I'm Cheyenne, but I would perfer to be called Chey.[pronounced: 'shay'. NOT 'shy'.]
I'm constantly changing. Every morning when I wake up, I have to look at myself in the mirror to see who I am. And everytime I see a different person. If I want to change, I will. I won't change for you. Or anyone.
I am not a morning person, I hate being woke up.
And if you've ever met me, you probably know from experince it's best to just let me sleep.
I'm shy.
I'm quiet.
I only talk when I feel I need to make something clear.
I fucking cuss a lot.
I have 'issues'.
I love music.
My Chemical Romance is fucking amazing.[duhh]
Don't piss me off, because seriously, your just digging yourself a grave.
I can be distant sometimes, and I don't mean to be.
Its just my own personal fears holding me back.
And the more people that screw me over, the worse my fears get.
I have a bad case of arachnaphobia.
I joke around alot, but you probably wont see this side of me until I warm up to you.
First impressions of me usually consist of the words bitch and reserved.
I'm just a little socially awkward.
I'm one of those kids that are cool enough to blame everything on your mom.
And if it wasn't your mom, it was Hitler.
I use the word 'whore' alot.
I call everyone and everything gay.
When I'm hyper, I tend to attract alot of attention.
I hate death metal.

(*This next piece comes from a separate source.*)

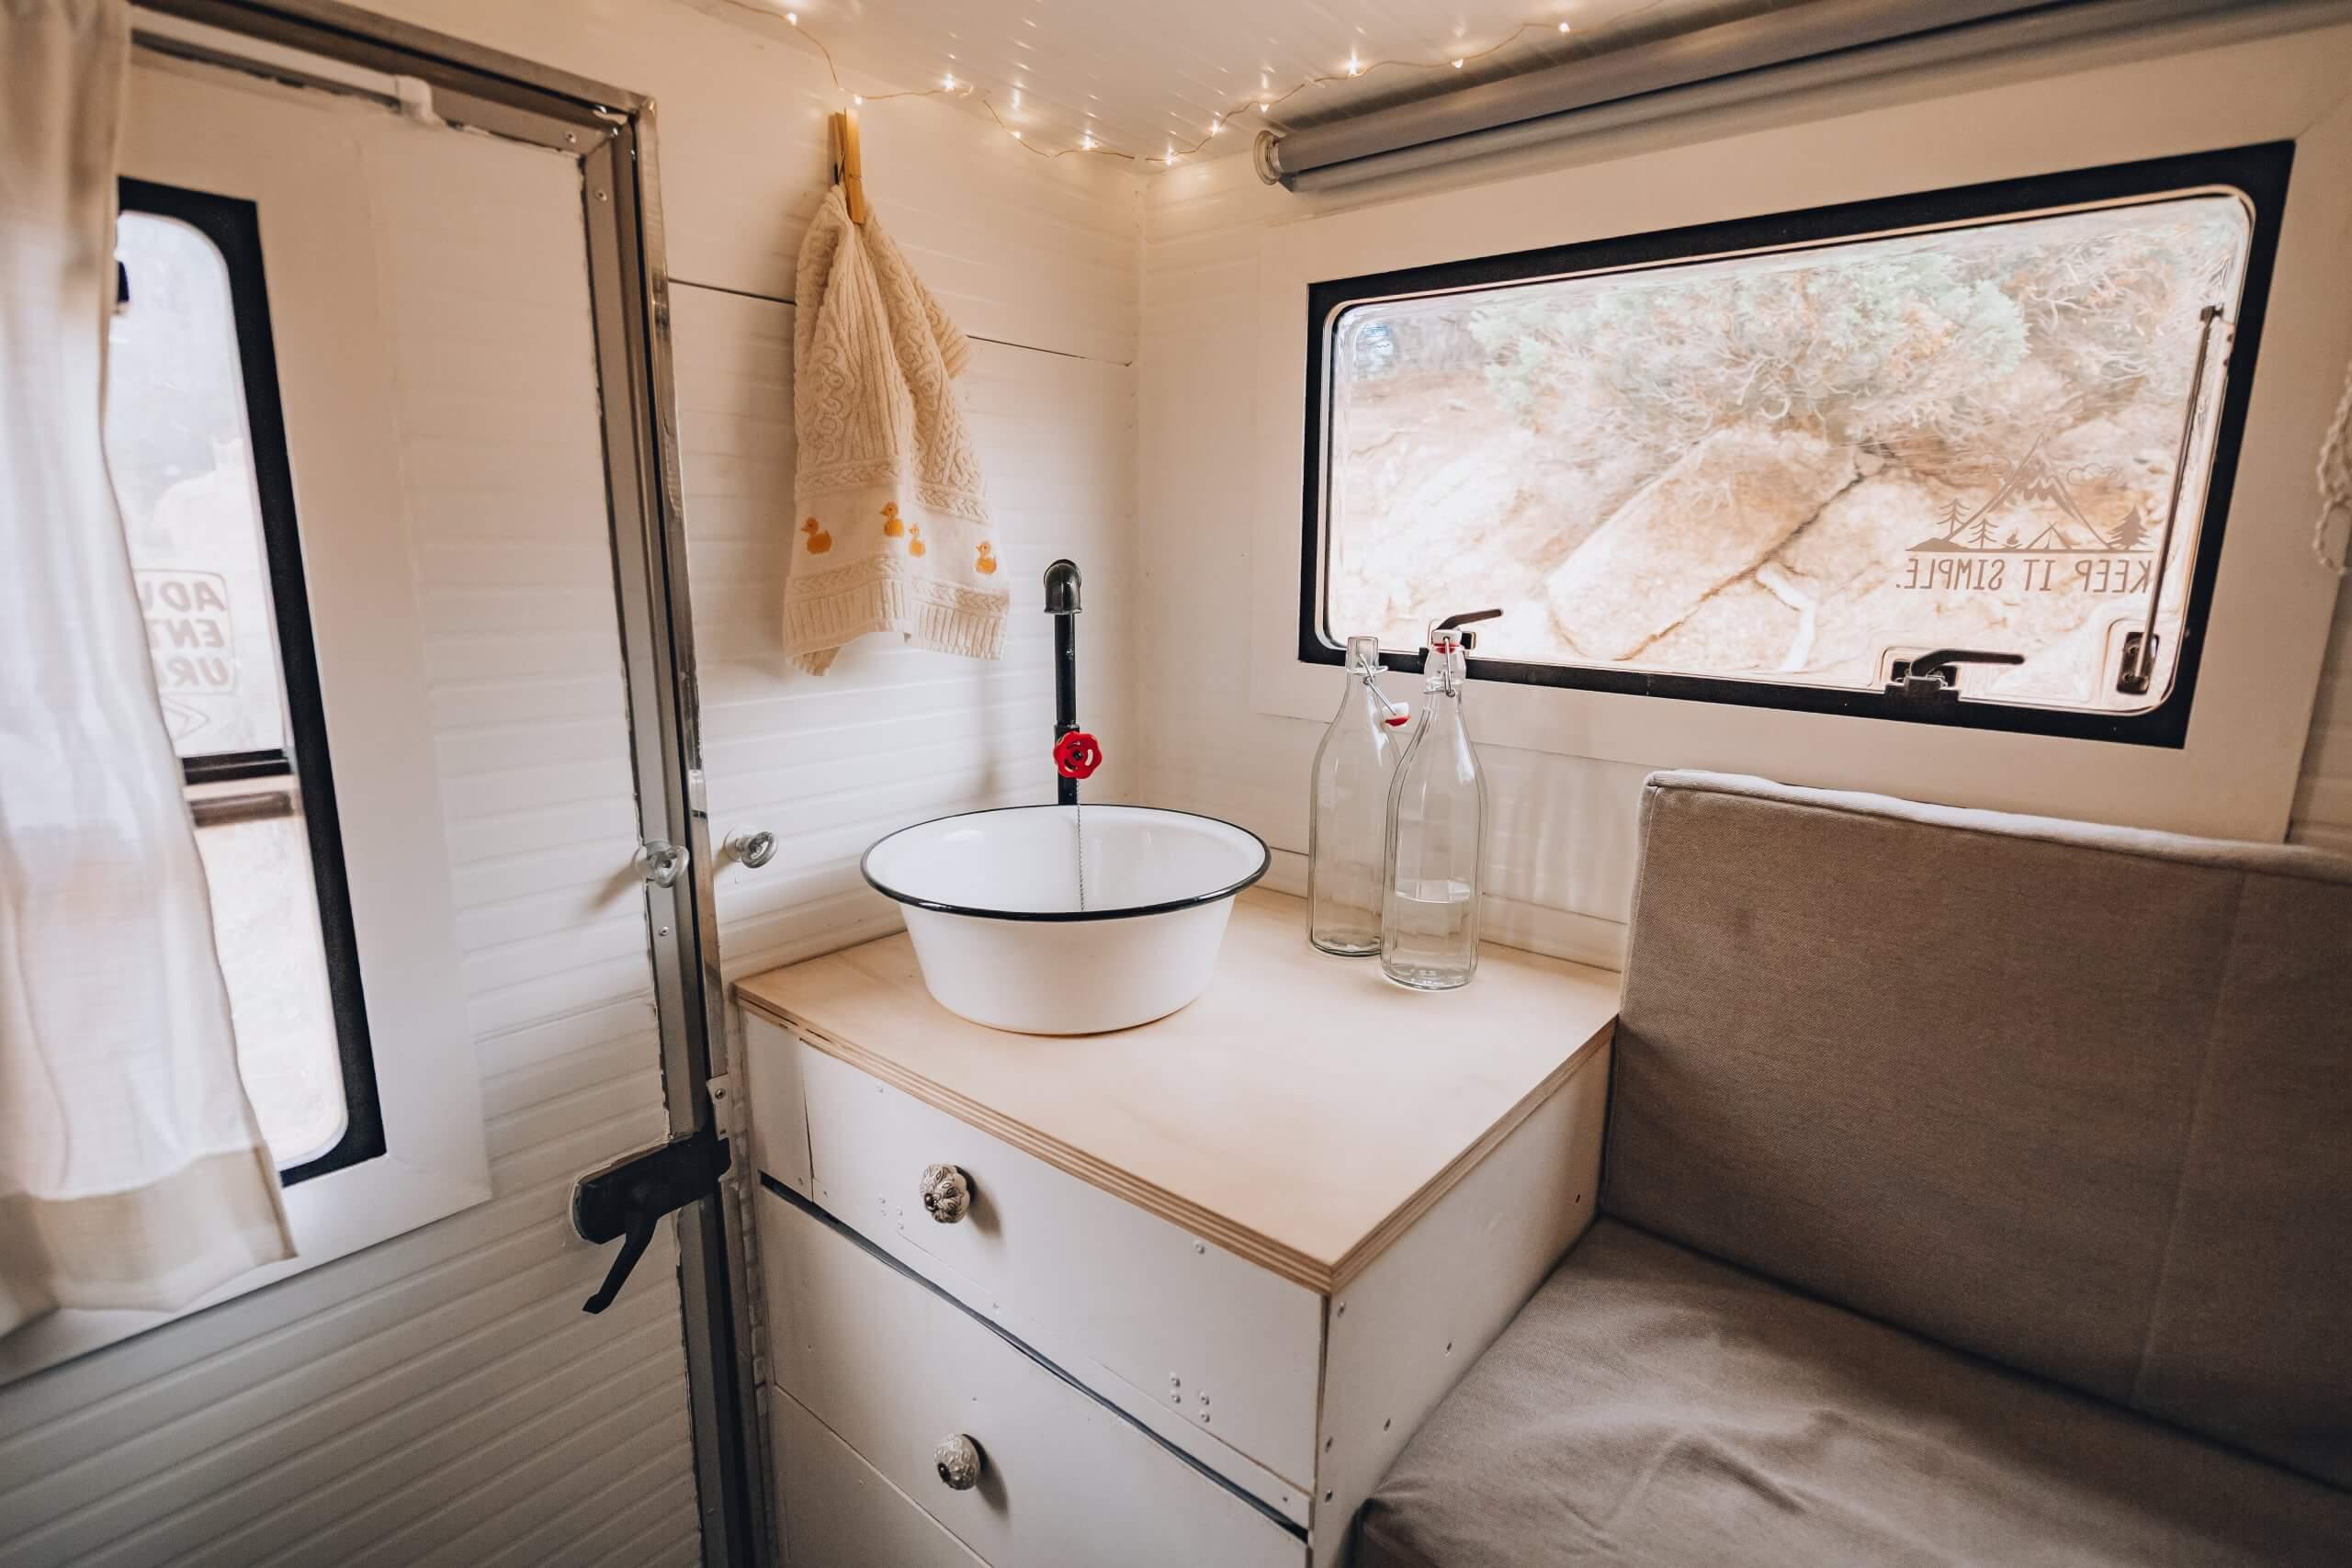 Selbstausbau: linke Küchenzeile mit Waschbecken
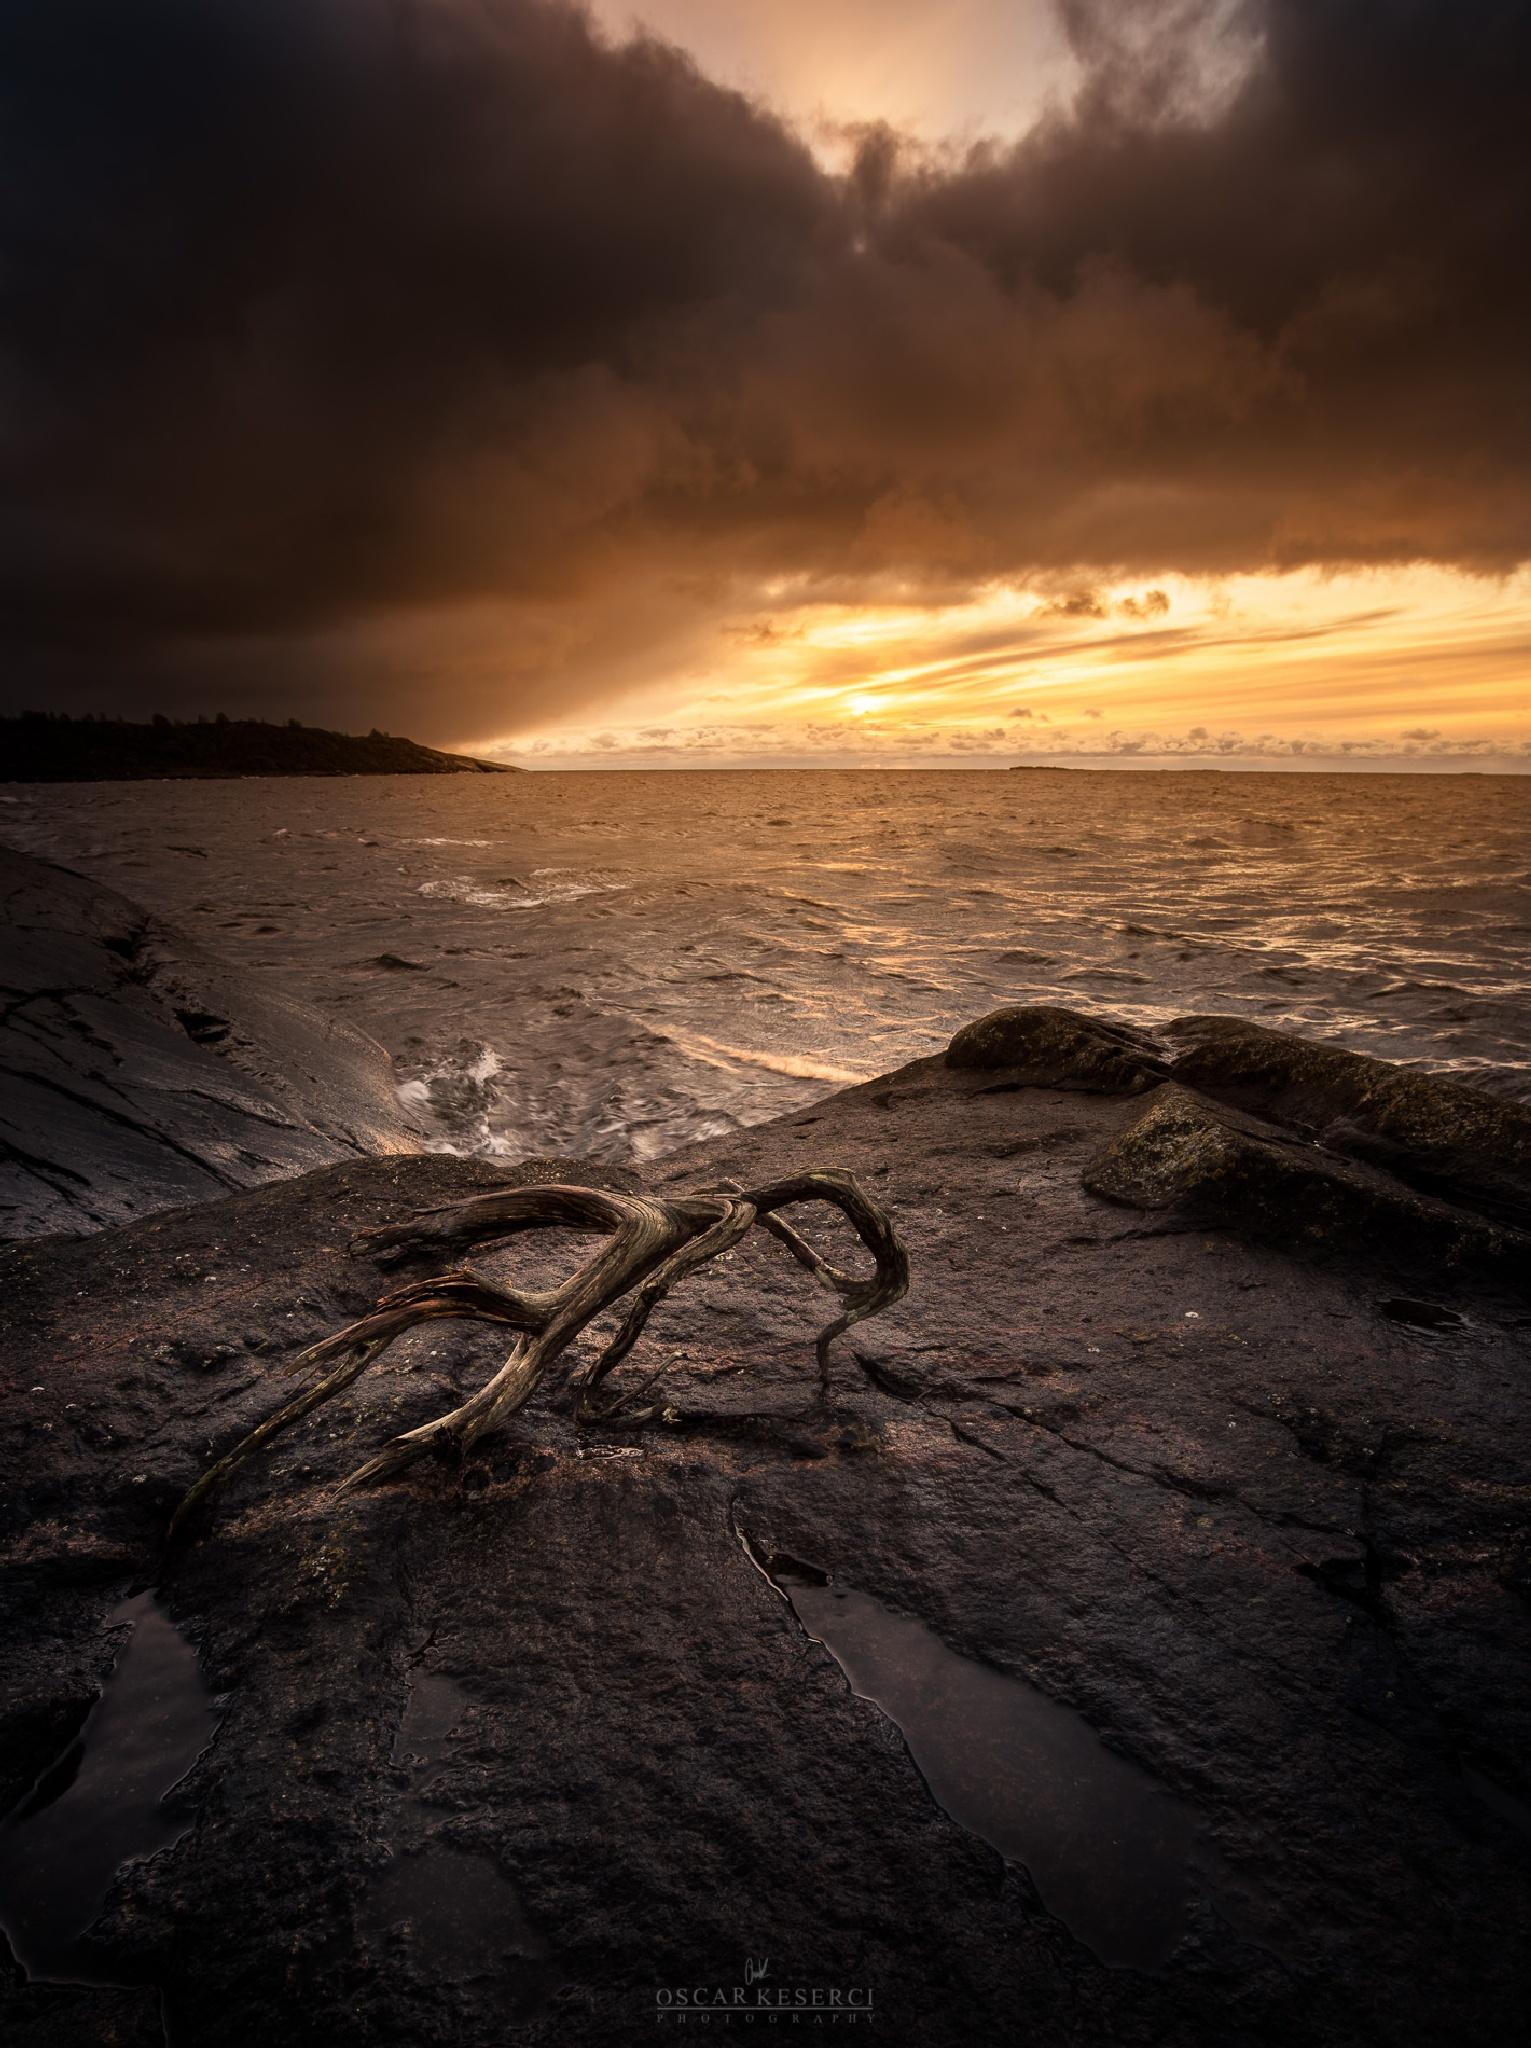 Sunset in Kökar by oscar keserci

That's not singing, that is a group of pigs in pain.
And sometimes it's hamsters, depends on the band.
I only a have a few exceptions with death metal bands.
Ever since I could talk, I've had an obsession with death.
Don't bother talking to me if you cant spell and your going to refer to me as your 'home-girl'.
I often use the words 'wtf' and 'lol' in actual conversations.
I usually don't take anything serious.
I sound like a five year old.
I dont believe in the words 'best friends' anymore.
Or second chances for that matter. They turn into thirds... and fourths... and fifths... and sixths.
I want a friendship with someone that becomes so comfortable, that you can sit together in silence and not feel awkward.
And I find it funny how everything I hate about myself, is what I can't stand in others.
I am not emo/hxc/scene/punk/goth.
I'm a no body, and no body is perfect.